The evolution of nest retreats deserves specific discussion. Our results
indicate that nests have always evolved from burrowing,
trapdoor-building ancestors. As nests are short and presumably less
well-insulated than a burrow, these taxa probably lose some degree of
microclimate regulation, which explains why most nest-building taxa
occur in mesic environments (e.g., Migidae, Griswold & Ledford, 2001,Sason , Raven, 1986). However, Coyle (1986) points out a likely
benefit of nesting, which is that the spider can sense prey over the
entire exposed surface of the nest, expanding the foraging area relative
to a burrow. Many nests have two trapdoor entrances, one at each end,
and this probably allows greater exploitation of this expanded
prey-capture area and provides a second escape route from predators.
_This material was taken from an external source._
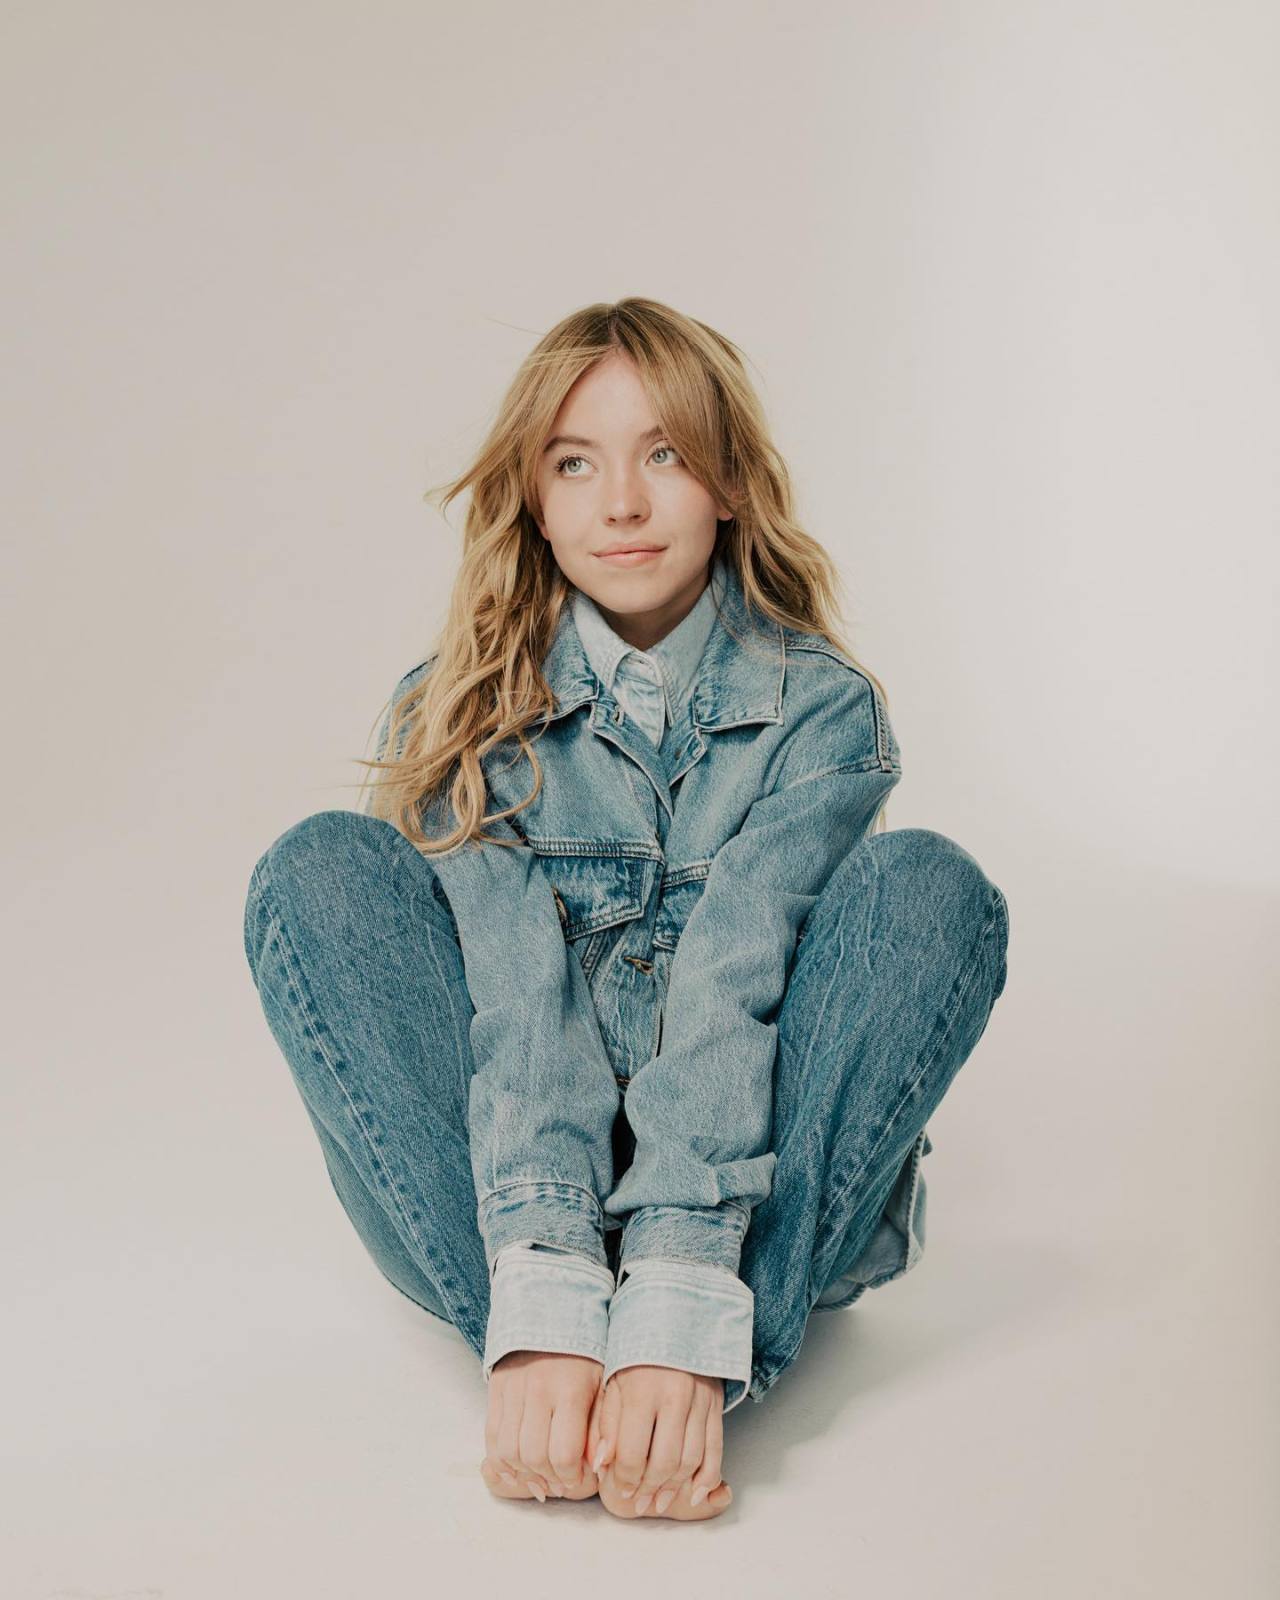 I am posting Sydney Sweeney today cause it's my blog and I can do what I want. So take that make believe person who is upset

Nests also allow the exploitation of new microhabitats, as they are
often constructed off the ground, on tree trunks or cave walls (Decae et
al., 2021; Griswold & Ledford, 2001; Raven, 1986). In this way,
evolution from a burrow to a nest represents an evolutionary pathway
with similar trade-offs to the opportunistic, web-building niche: the
sacrifice of microclimate regulation for an expanded foraging area and
exploitation of a different microhabitat.
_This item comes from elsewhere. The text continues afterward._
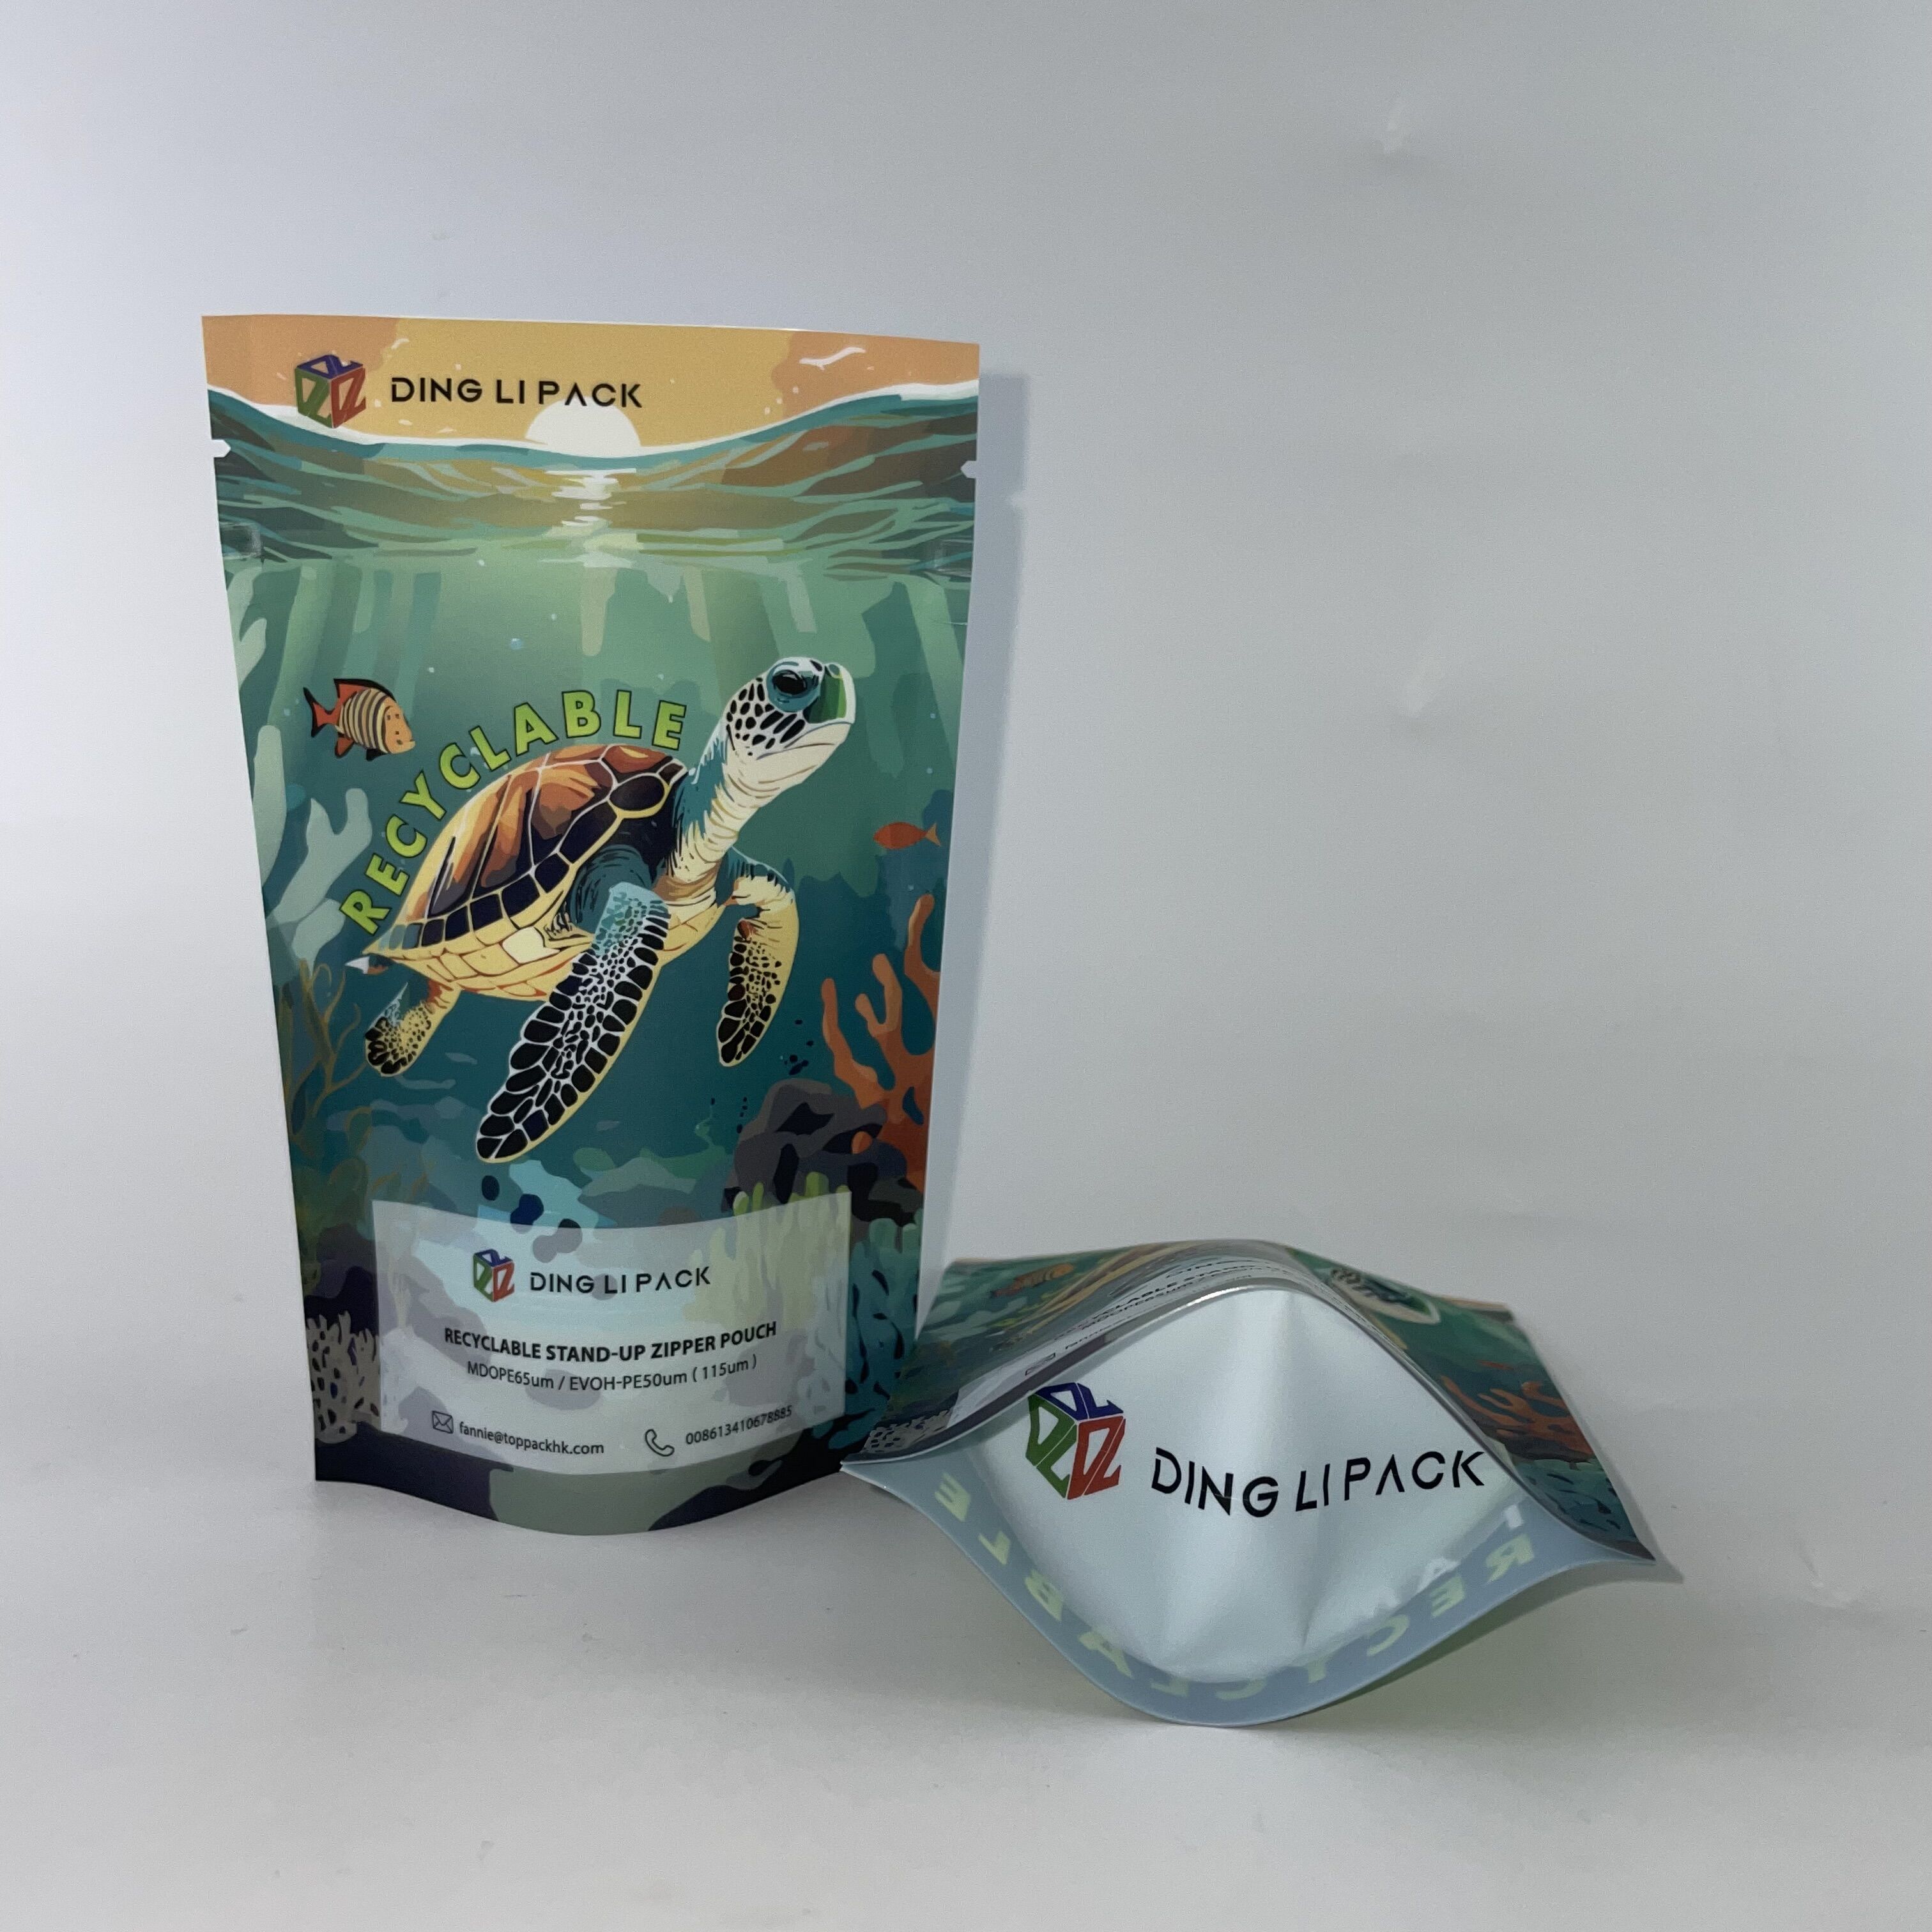 https://www.toppackcn.com/recyclable-stand-up-zipper-pouches-product/

Patterns of niche trade-offs in the Mygalomorphae are clearly complex
and cannot be explained with reference to a single environmental
variable. Climate and weather, environmental complexity and niche
availability, and the abundance of predators and prey probably all play
a role in determining the success of a particular behavioral niche in an
environment. Furthermore, microhabitat differences mean that in optimal
conditions, species inhabiting different niches often occur together,
for example in sub-tropical eastern Australia many areas exist where
several burrowing (e.g., Idiopidae, Anamidae), nesting (Barychelidae,
Migidae) and opportunistic (Euagridae, Hexathelidae and Atracidae) taxa
occur in direct sympatry. In general, burrowing taxa probably have the
highest resilience to environmental extremes and are also able to
exploit relatively bare microhabitats. In contrast, web-building and
nest-building taxa probably require milder environmental conditions but
allow the spider to expand its foraging area and exploit new
microhabitats: existing spaces under logs, embankments and foliage for
opportunists, and hard substrates off the ground for nest-builders.